|
T his author has for the past four years been involved in a collaborative project with some other mental health professionals and service users of the psychiatric system as “CONKER,” CONsumers for Knowledge Exchange and Research. We believe that without having the people most affected by psychiatric practices contribute to mental health knowledge he evidence base will be incomplete.
A criticism of traditional academic research is that the subjects – people – are used, and then in effect discarded. A different approach, typically employed with marginalized populations, is a model called participatory action research (PAR). This approach differs not so much in the methods used as in having representatives of the population being studied identify the research question (participation) and then using the results to better the lives of that population (action). This is not to say that academic research never achieves any of these ends, but to say that PAR is more explicitly collaborative, praxis-oriented, and political. This discussion may be relevant in discussing research enterprises driven by persons identifying as clients of the psychiatric system, since according to Beresford (2006, 225) such research “tends to be associated with…..the empowerment of service users and the improvement of their lives, through both the process and purpose of research.” Canada’s own “Kirby Report” (Standing Senate Committee on Social Affairs, Science and Technology 2006) suggests that consumers and families favor “participatory action research and underutilized … qualitative methods” (244) as a means to “reclaim ones own story” (231).
|
|
|
An article by Griffiths and colleagues (2004) identifies both potential advantages and challenges concerning consumer participation in research:
- Advantages to the research enterprise itself include the inside experience and knowledge of service recipients; a potentially broader perspective on the research question; the greater likelihood that feasibility, relevance and client-sensitivity will be highlighted; insights into the interpretation of data – a phenomenological perspective; increased researcher accountability; and, greater appreciation for research by the consumers participating.

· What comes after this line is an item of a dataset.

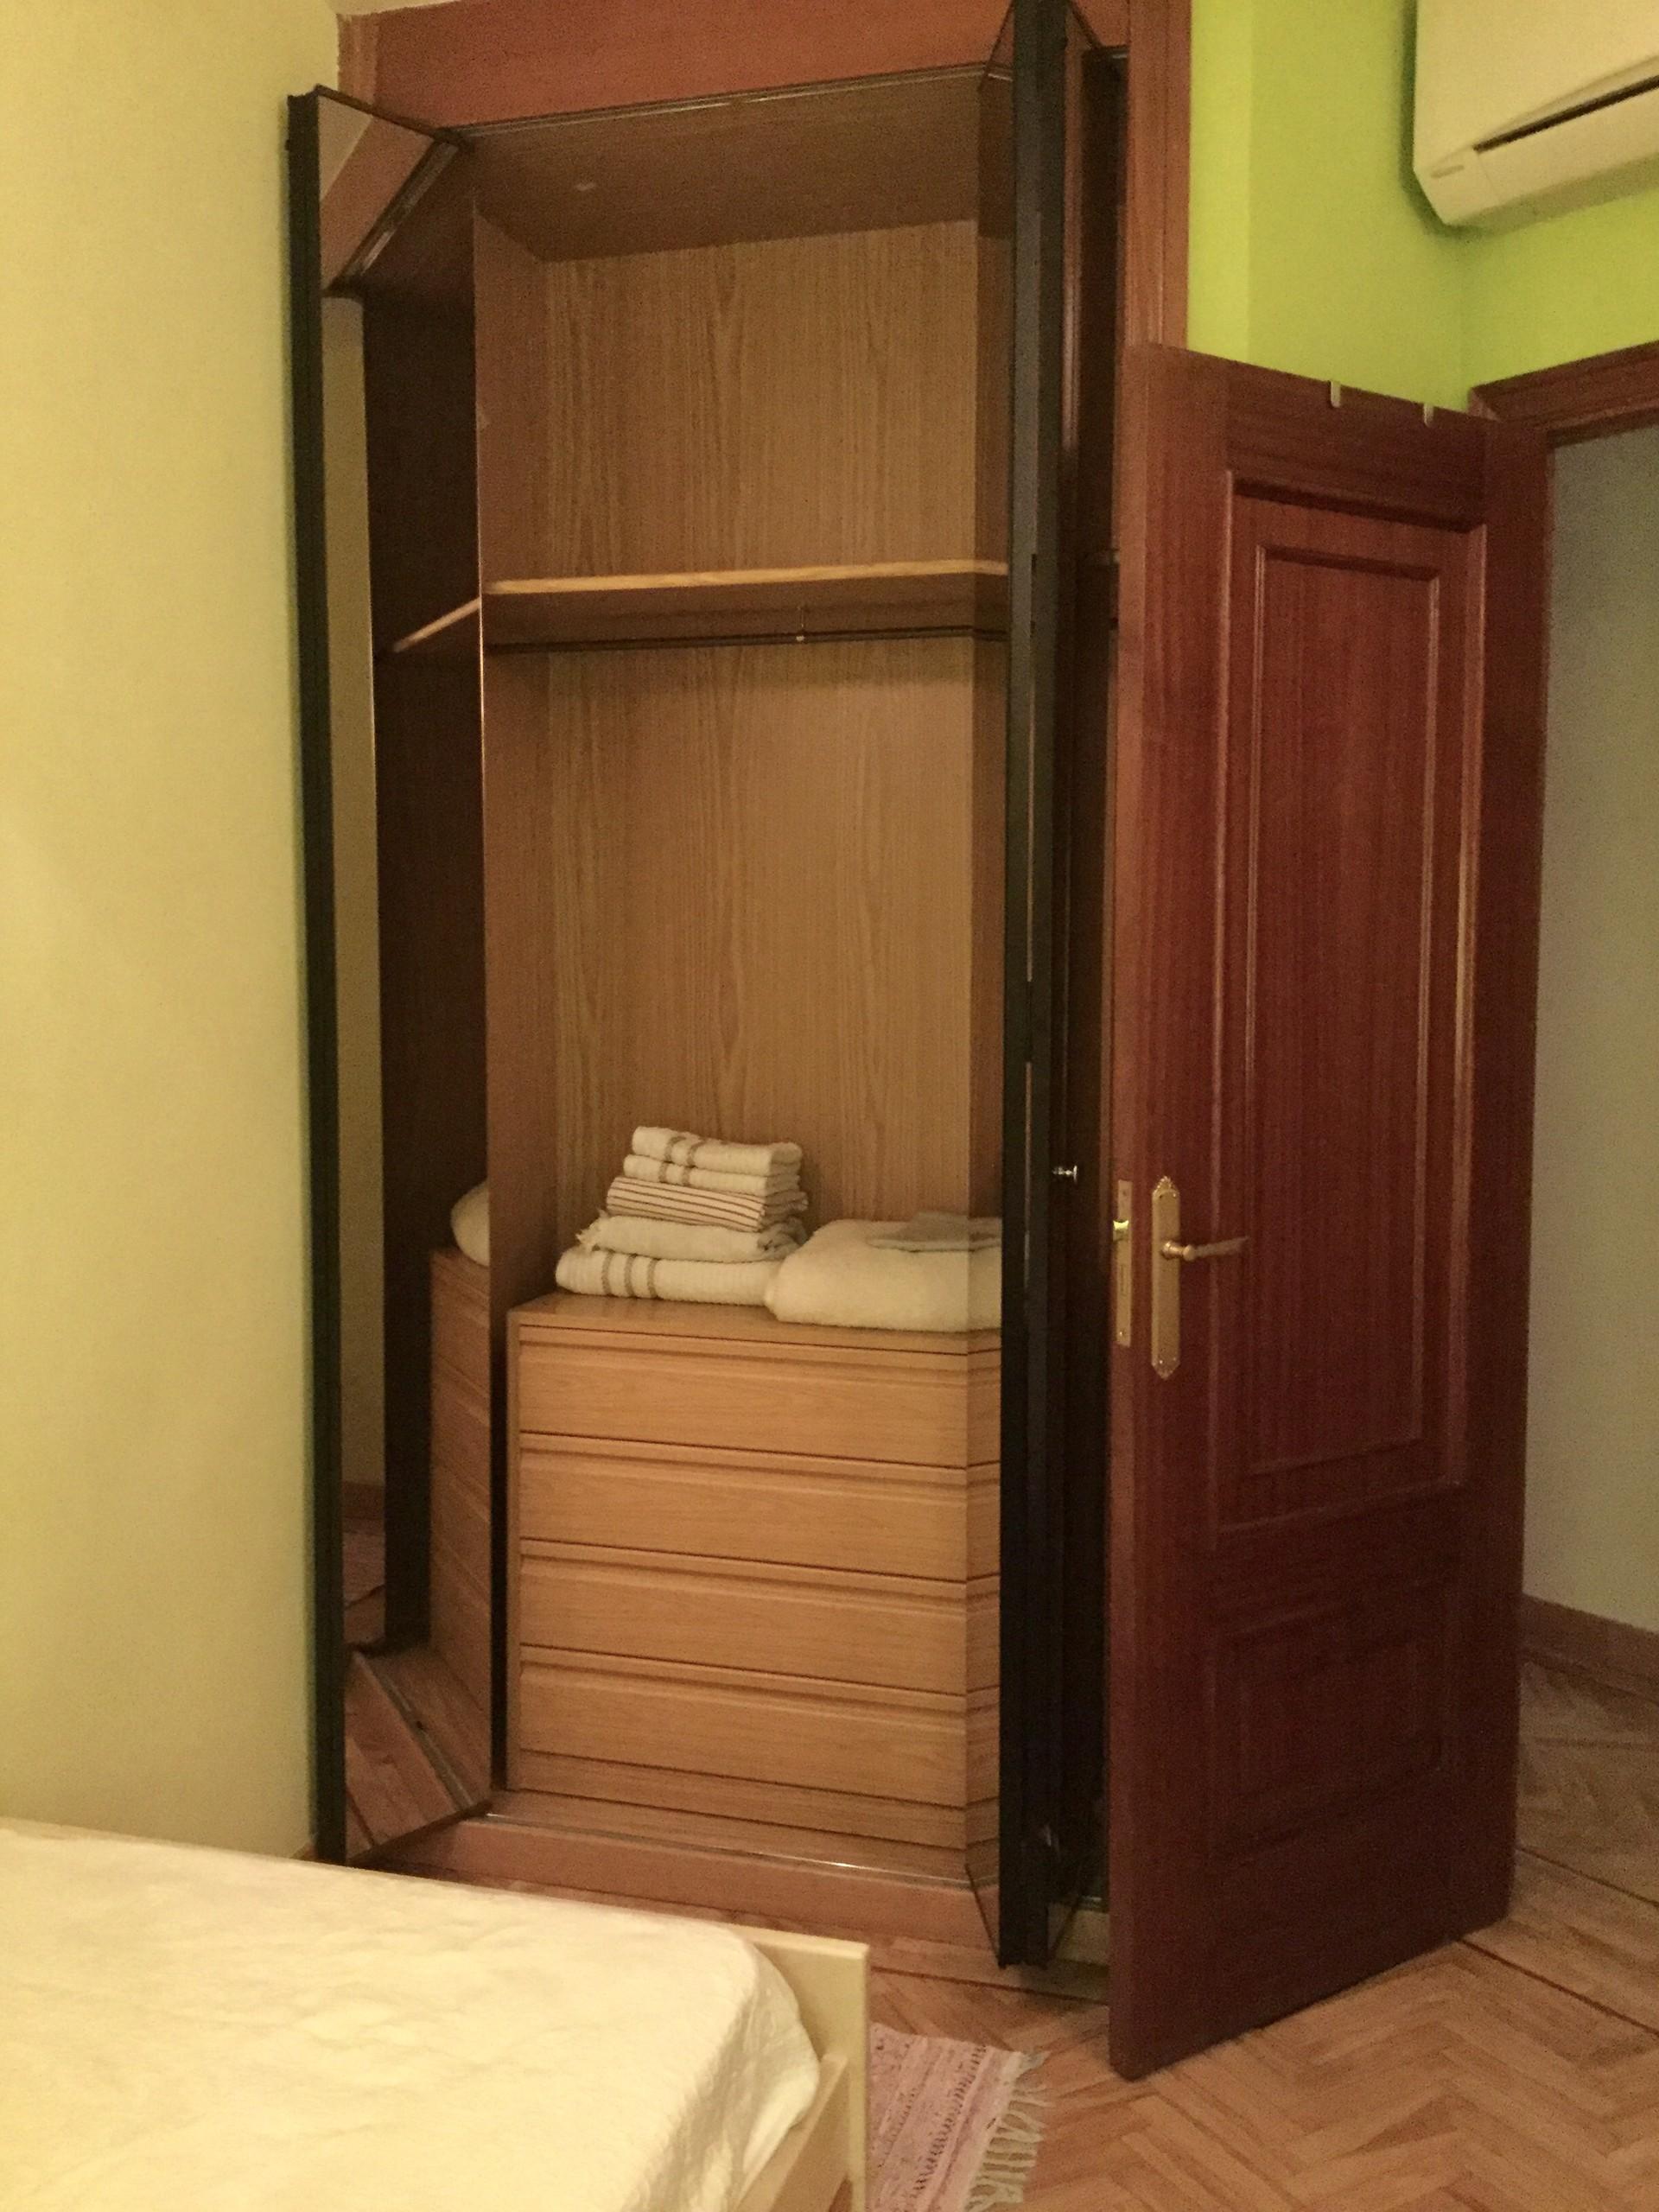 Habitaci n individual con ba o privado en legazpi madrid - Banos en madrid ...

- Public health advantages include, hopefully, improved services and improved health outcomes.
- Advantages to clients of the psychiatric system include the acknowledgment of consumer expertise; providing clients with both a voice and a sense of ownership; providing an opportunity to contribute; and, diminishing stigma by making clients partners.
- Challenges to the research enterprise include the possibility of consumer-researchers becoming unwell and having to break off from the project; a lack of research knowledge and credentials among consumers; and, whether the consumers offering their inside experience and views of the mental health system can be considered representative. With respect to participants becoming unwell, a parallel concern is the added stress of the work causing symptoms of mental illness to worsen. Possible challenges for the professional researcher include the additional time required to mentor consumer-colleagues, and the threat to a self-perception of “researcher as expert,” this having to do with “a feeling of ownership regarding the intellectual quality of their research” (Griffiths et al. 2004, 52).
Truly participatory, consumer-driven research, particularly as it applies to working in teams, is still an underdeveloped field, which is not to discount the exceptional personal narratives that have been written by persons receiving mental health services in Canada (e.g. Carten 2006).As reviewed by Schneider (2010) service user roles in research fall within a continuum:
- Advisory: clients are invited to be part of a board or committee to represent the “stakeholder” group.
- Consultation: service users are regarded as having knowledge that may be valuable, for example in designing a survey, but control of the project is retained by the professionals.
- Collaboration: clients collaborate with professional researchers in all aspects of the project, including identifying the research question, study design, data gathering and analysis, and dissemination of results.
- Control: service users run the show, and if outside professionals are used at all this is at the request of the project team.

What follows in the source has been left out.